BOTW reinvigorated both a franchise and a genre, and the stripping off much of the franchise’s baggage in favor of an uninterrupted experience of exploration focused solely on the player’s kinesthetic compulsions will forever represent some of the most fun I have had with a videogame. While recognizing many of its flaws, rarely did they ever diminish my appreciation for the things it did best, and I saw BOTW’s underdeveloped ideas as fertile ground for improvement. A new Majora’s Mask was always a pipe dream, but I’m sure that no one expected TOTK to be little more than just a glorified BOTW DLC. It’s not just that TOTK fails to address any of BOTW’s most agreeable criticisms, but it also manages to exacerbate and accentuate them to an intrusive degree by the sheer redundancy of giving you the same exact 100+ hour experience, and while BOTW had the privilege of letting its magic act before inevitably dissipating, TOTK does not.

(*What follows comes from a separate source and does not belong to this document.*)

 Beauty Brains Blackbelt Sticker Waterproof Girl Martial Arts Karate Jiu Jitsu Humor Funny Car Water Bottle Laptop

The few instances of novelty TOTK allows us are unsurprisingly some of the best and most inspired moments the series has produced and showcase the potential TOTK had, but it becomes difficult to cherish those memories when they are stashed away in-between dozens of hours trudging through a well-known map with no more secrets left to be uncovered and whose repeated content isn’t placed in it with the same care and thought as it once was. Is there truly anything more pathetic than most of The Depths rewards being DLC and Amiibo costumes from the previous game? Ultimately, the biggest problem with TOTK is that it doesn’t just lack an identity of its own, it also ends up robbing it from BOTW and damaging it in the process. You are forgiven, Skyward Sword.

PS: I’ll throw a bone at TOTK, regarding its impressive physics engine and how it revealed how out of touch so much of the videogame discourse is with comments on TOTK’s outdated graphical fidelity and performance while the gameplay itself is leagues ahead of anything that we have been witnessing recently with the big “cutting edge” titles.